5. **Run cross-version smoke.** Boot a 0.3.x peer next to a 4.0 peer in
staging; exchange a session; confirm `shade fingerprint` matches on
both ends and a round-trip message decrypts cleanly.
6. **Ship 4.0 to a canary.** Roll forward; revert path is `bun
install @shade/sdk@^0.4.0` — there is no DB write that 0.4 cannot
also read.
### Operator checklist (prekey container)
If you operate the standalone container (`gt.zyon.no/stian/shade-prekey`):
1. Pull the 4.0 image: `docker pull gt.zyon.no/stian/shade-prekey:4.0.0`.
2. Add new env vars only if you are turning the corresponding surface
on:
- `SHADE_INBOX_PG_URL` / `SHADE_INBOX_DB_PATH` — async store-and-forward.
- `SHADE_INBOX_PRUNE_INTERVAL_MINUTES` — inbox prune cadence.
- `SHADE_BRIDGE_*` — bridge / SSE / long-poll surface.
- `SHADE_KT_*` — Key Transparency mode + signing key path.
- `SHADE_TRANSFER_*` — transfer routes mounted on the same Hono app.
3. Restart with the existing volume; the inbox / KT tables auto-create
on first request.
4. Update `docs/PRODUCTION-CHECKLIST.md` items for any new surface
you've enabled (rate-limit budgets, retention policies, KT
witness-pinning).
5. Verify the [OpenAPI](packages/shade-server/openapi.yaml) endpoints
you advertise to clients now include the routes you mounted.
### What about 4.0 → 4.x?
V4.x is bug-fix only. No wire-bump until V5.0 (voice/video) which
is **additive** — it allocates new envelope types (frame-key prefixes)
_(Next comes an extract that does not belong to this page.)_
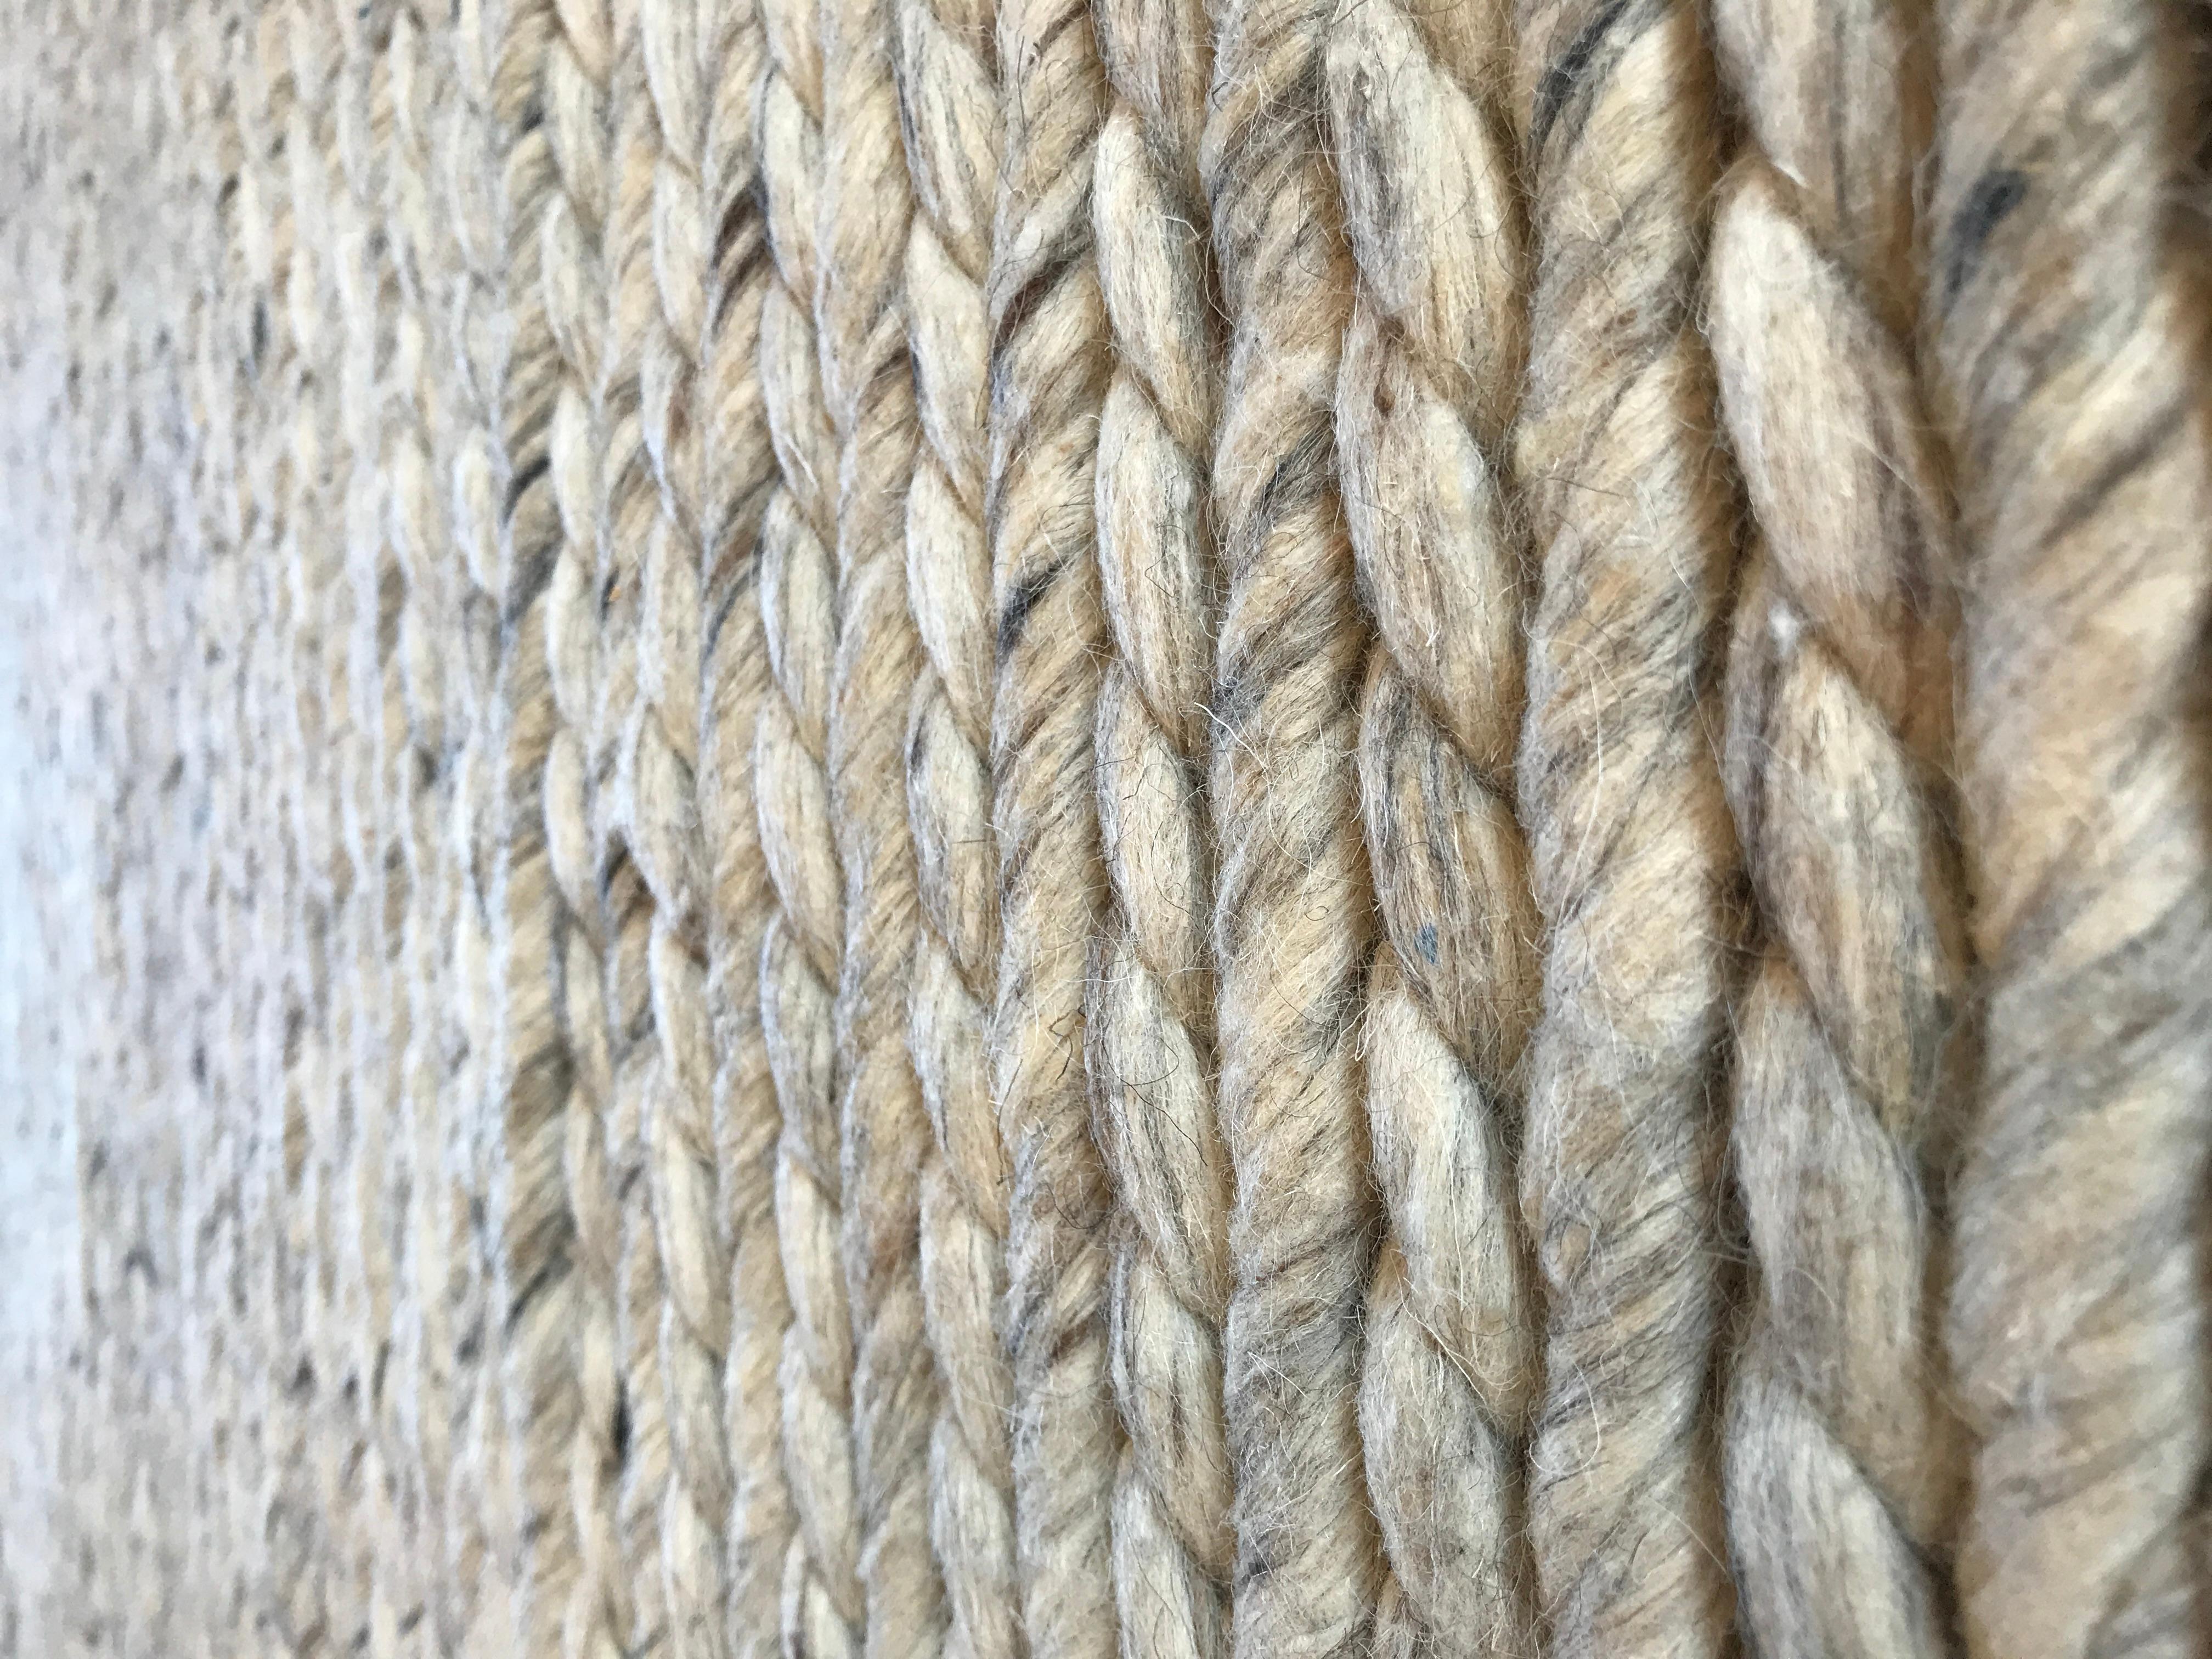 A thick and generous wool braid provides comfort underfoot and durability for high traffic areas. The neutral oatmeal coloring with subtle variations makes for a versatile piece, matching well with a wide range of colors and finishes. Hand knotted

that 4.0 clients ignore by design.
## Common pitfalls
1. **Don't store private keys in shared databases without encryption at rest** — for shared infrastructure, enable `@shade/storage-encrypted` (V3.2) or use filesystem encryption / PostgreSQL TDE. The default `SQLiteStorage` and `PostgresStorage` write unencrypted.
2. **Don't skip identity verification** — Shade gives you fingerprints (`getIdentityFingerprint()`), but it's the user's responsibility to compare them out-of-band on first contact.
3. **Don't reuse session storage between identities** — each user/device should have its own Shade storage. Mixing identities in one storage will corrupt the ratchet state.
4. **Keep prekey stocks topped up** — call `ensurePreKeyStock()` periodically (e.g., on app start or every hour). When the server runs out of one-time prekeys, new sessions will fall back to using just the signed prekey, which is slightly less secure.